The subspecies P. a. oblita is darker brown in color, often approaching black with white spots rather than cream. The lower part of the hind wings has a marginal pale purple band and a row of conspicuous white spots. The spots of the subspecies P. a. the insulae are fawn orange rather than cream. The lower part has pale orange spots and the lower part of the rear wings has a purple band. Although there is a significant variation with each subspecies, the identification of the different subspecies is possible.
The morphology of this butterfly gradually varies along its geographic range from north to south.

Aptitude and biological cycle –
In Pararge aegeria the fertility of the females depends on the body mass, since the females deprived of sucrose during their oviposition period have a reduced fertility. For this reason, heavier females will produce more eggs.
The number of eggs laid by a female may also be related to the time spent searching for an egg-laying site. The number of eggs laid is inversely proportional to the size of the eggs. Furthermore, it would seem that a female would produce more eggs in an optimal environment, so that she could produce more offspring and increase her reproductive capacity.

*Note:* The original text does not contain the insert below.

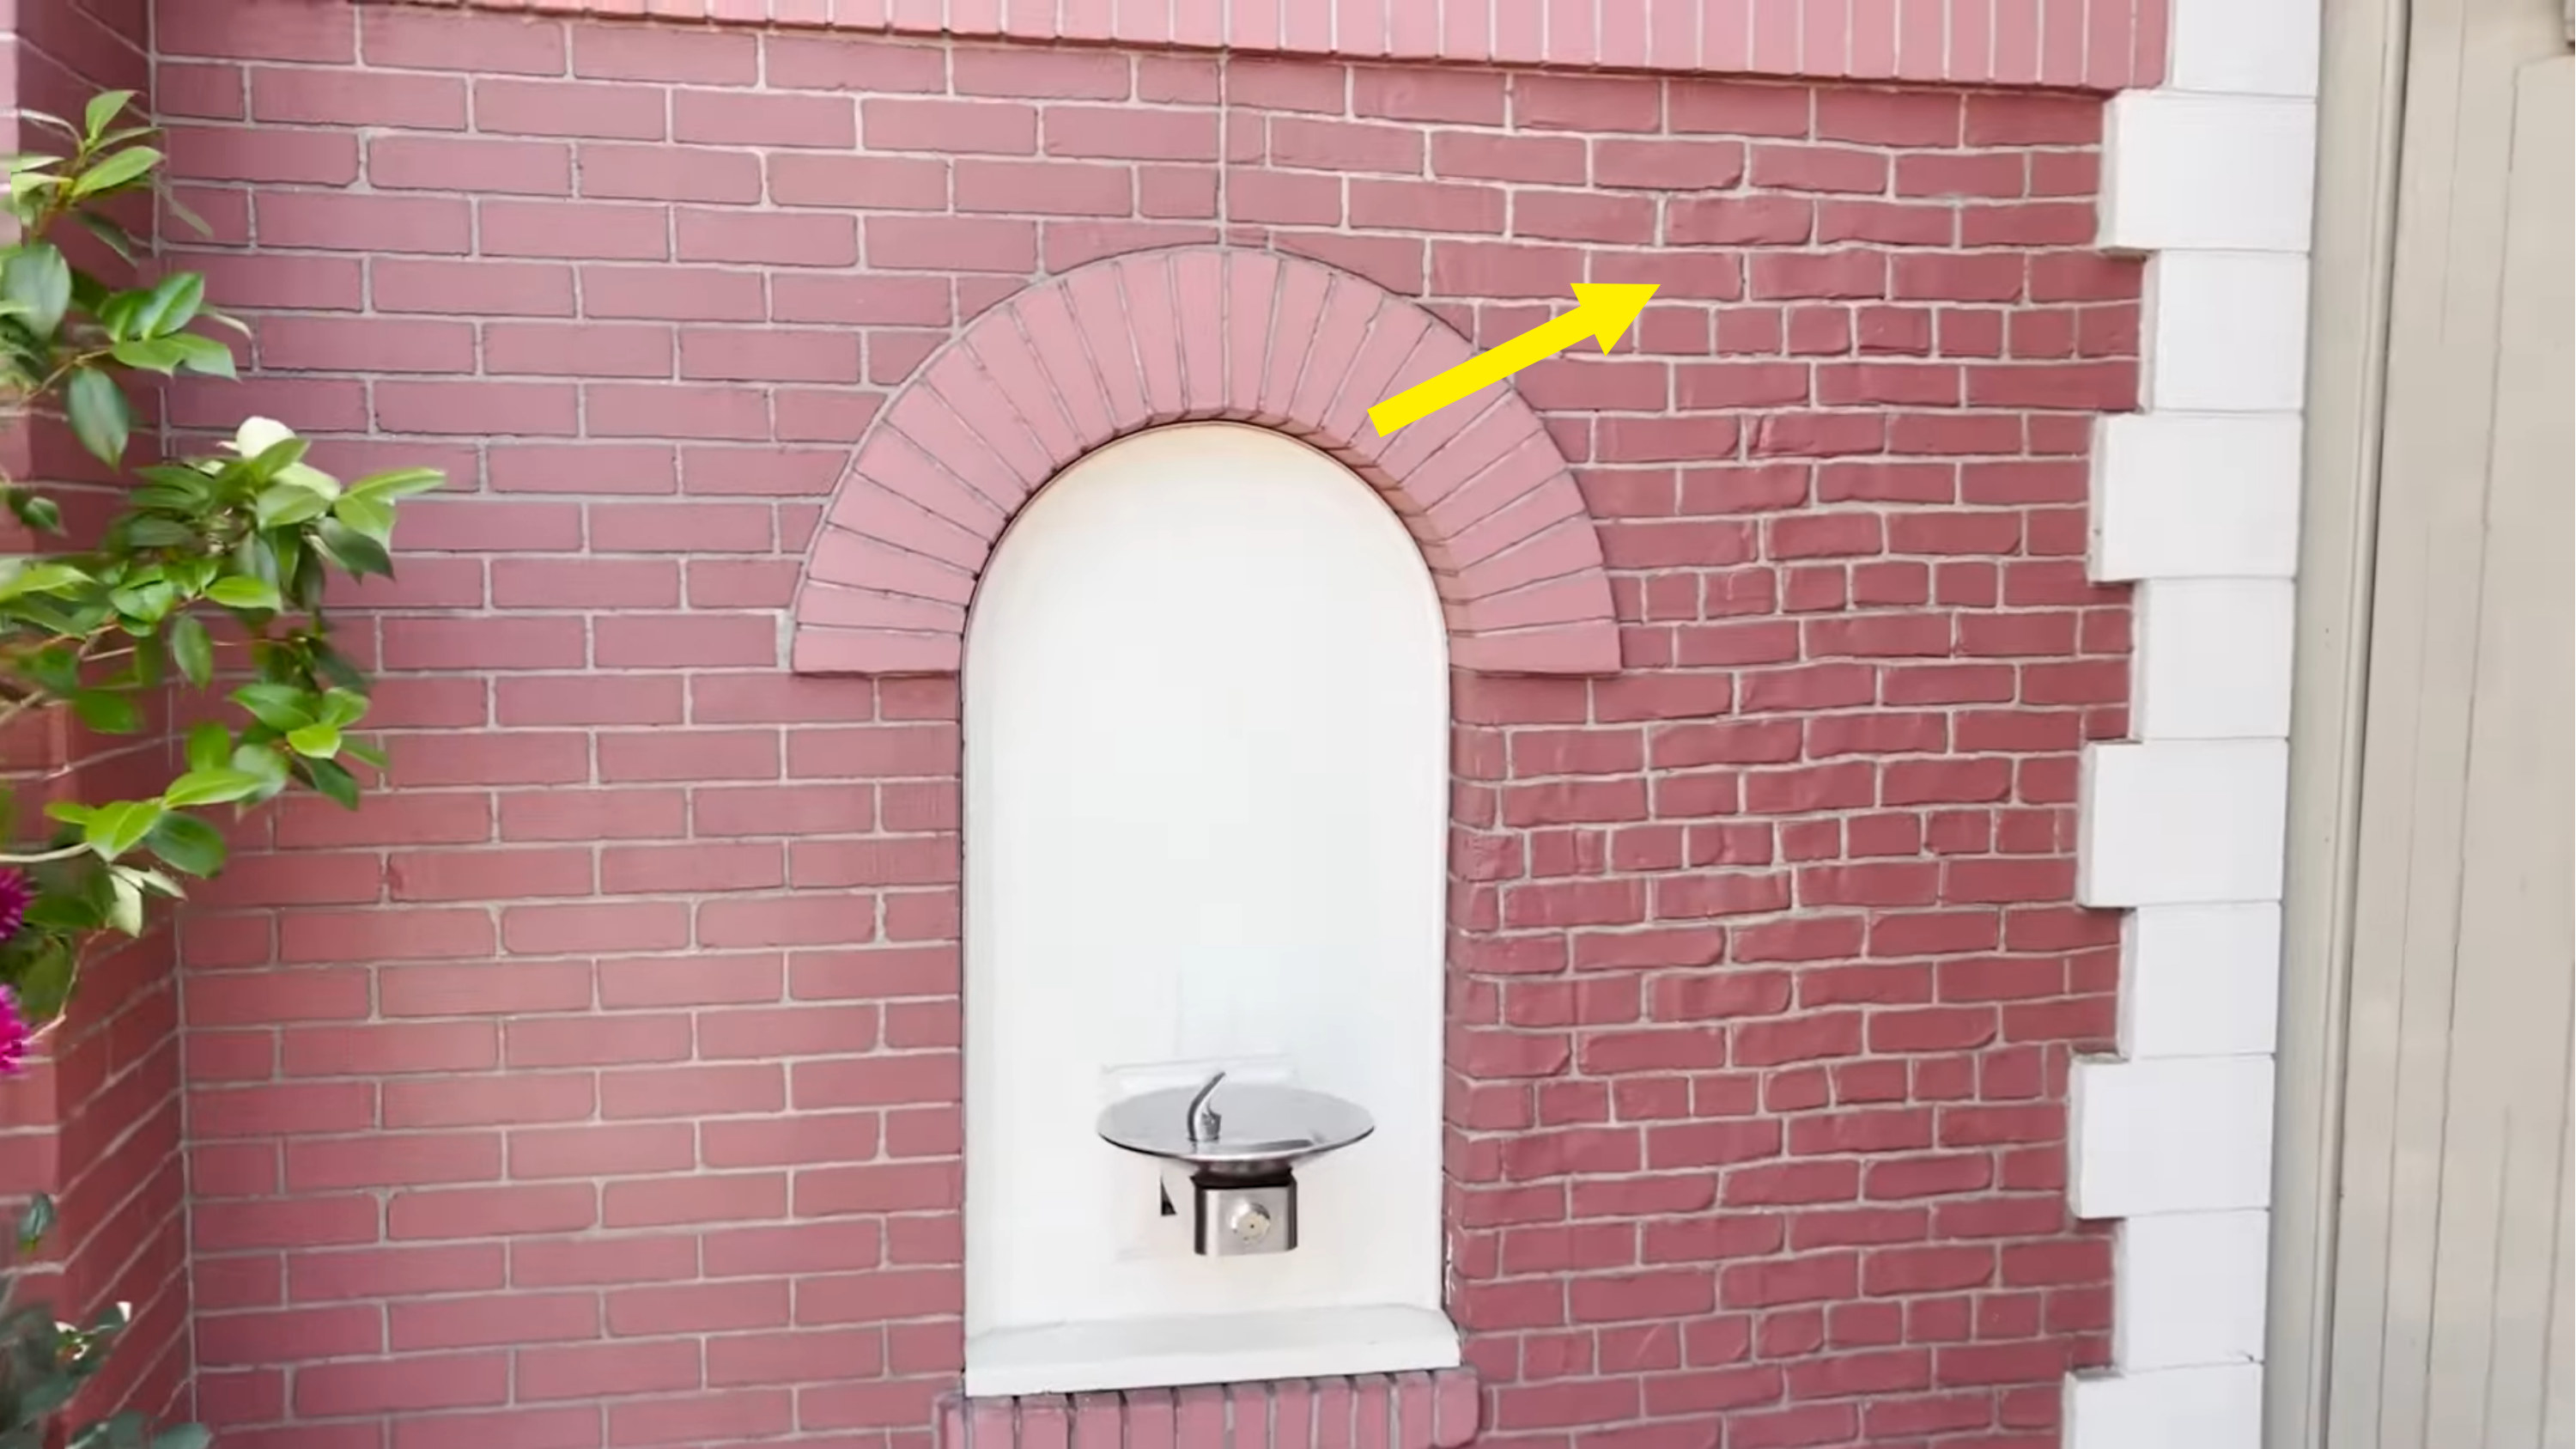 arrow pointing to the bricks

The life cycle begins during copulation in which the male deposits a spermatophore in the female consisting of spermatozoa and a secretion rich in proteins and lipids. The female uses the nutrients in the spermatophore in egg production. In a polygenic mating system, where competition between spermatozoa is present, it is useful for males to deposit a large spermatophore to fertilize as much eggs as possible and possibly prevent the female from mating again.
Since most of the females of the Pararge aegeria exhibit monandria there is a reduced competition of spermatozoa and the male spermatophore is much smaller than other species.

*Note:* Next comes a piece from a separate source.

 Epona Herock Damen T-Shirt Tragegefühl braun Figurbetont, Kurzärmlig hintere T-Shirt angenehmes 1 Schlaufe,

The eggs are laid on a variety of host plants. The species is able to overwinter in two totally separate stages of development, such as pupae or semi-mature larvae. This leads to a complicated model of numerous adult flights per year.

Ecological role –
Males of this species exhibit two types of companion localization behavior: territorial defense and patrolling. The proportion of males exhibiting these two strategies changes based on ecological conditions.

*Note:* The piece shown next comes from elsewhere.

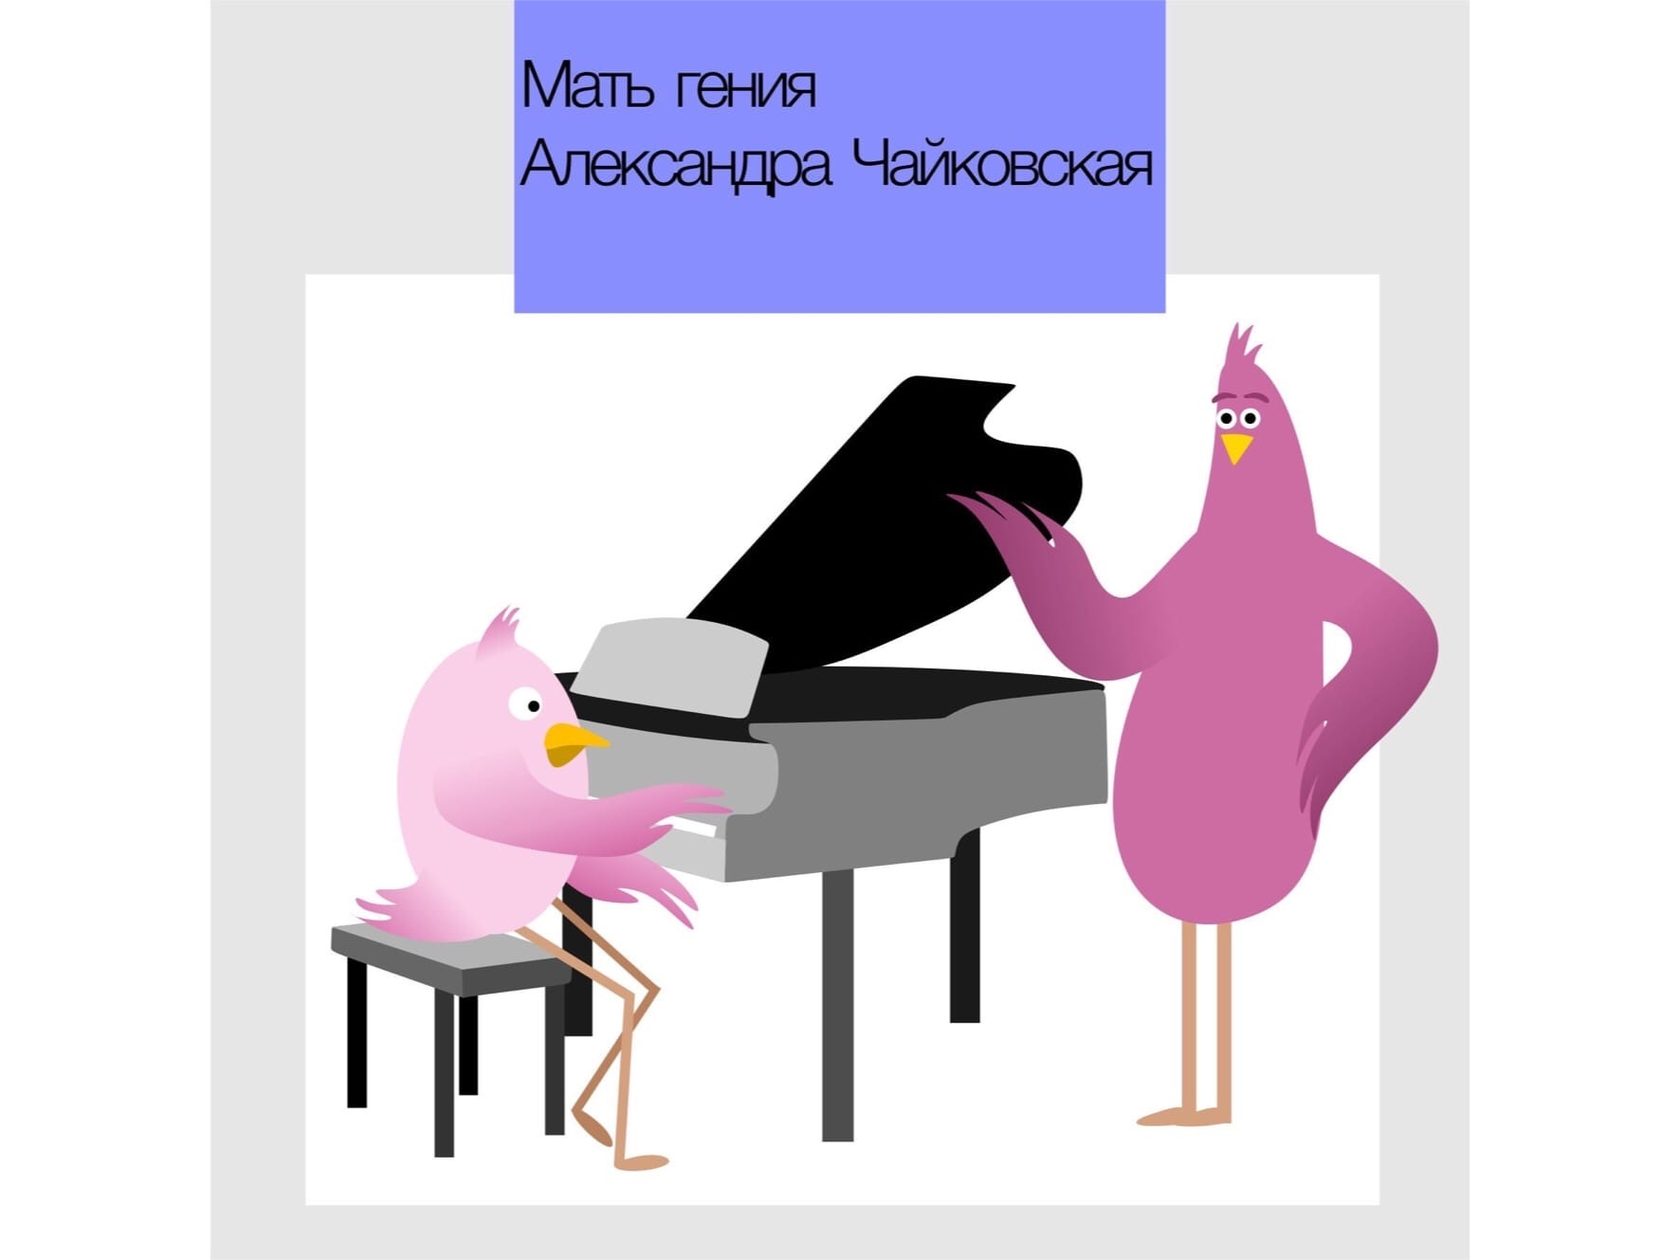 Птица любит играть на фортепиано и математику

The speckled wood feeds on a variety of herbaceous species.
The caterpillar food plants include a variety of herbaceous species such as Agropyron (Lebanon), Brachypodium (Paleolithic), Brachypodium sylvaticum (British Isles), Bromus, (Malta), Cynodon dactylon, (Spain), Dactylis glomerata (British Isles, Europe) , Elymus repens, (Lebanon), Elytrigia repens (Spain), Holcus lanatus (British Isles), Hordeum (Malta), Melica nutans, (Finland), Melica uniflora (Europe), Oryzopsis miliacea (Spain), Poa annua (Lebanon) , Poa nemoralis (Czechoslovakia), Poa trivialis (Czechoslovakia), but the preferred species of grass is the sofa grass (Elytrigia repens).
Adult butterflies feed instead of nectar.

Guido Bissanti

Sources
– Wikipedia, the free encyclopedia.
– Russo G., 1976. Agricultural entomology. Special Part. Liguori Editore, Naples.
– Tremblay E., 1997. Applied entomology. Liguori Editore, Naples.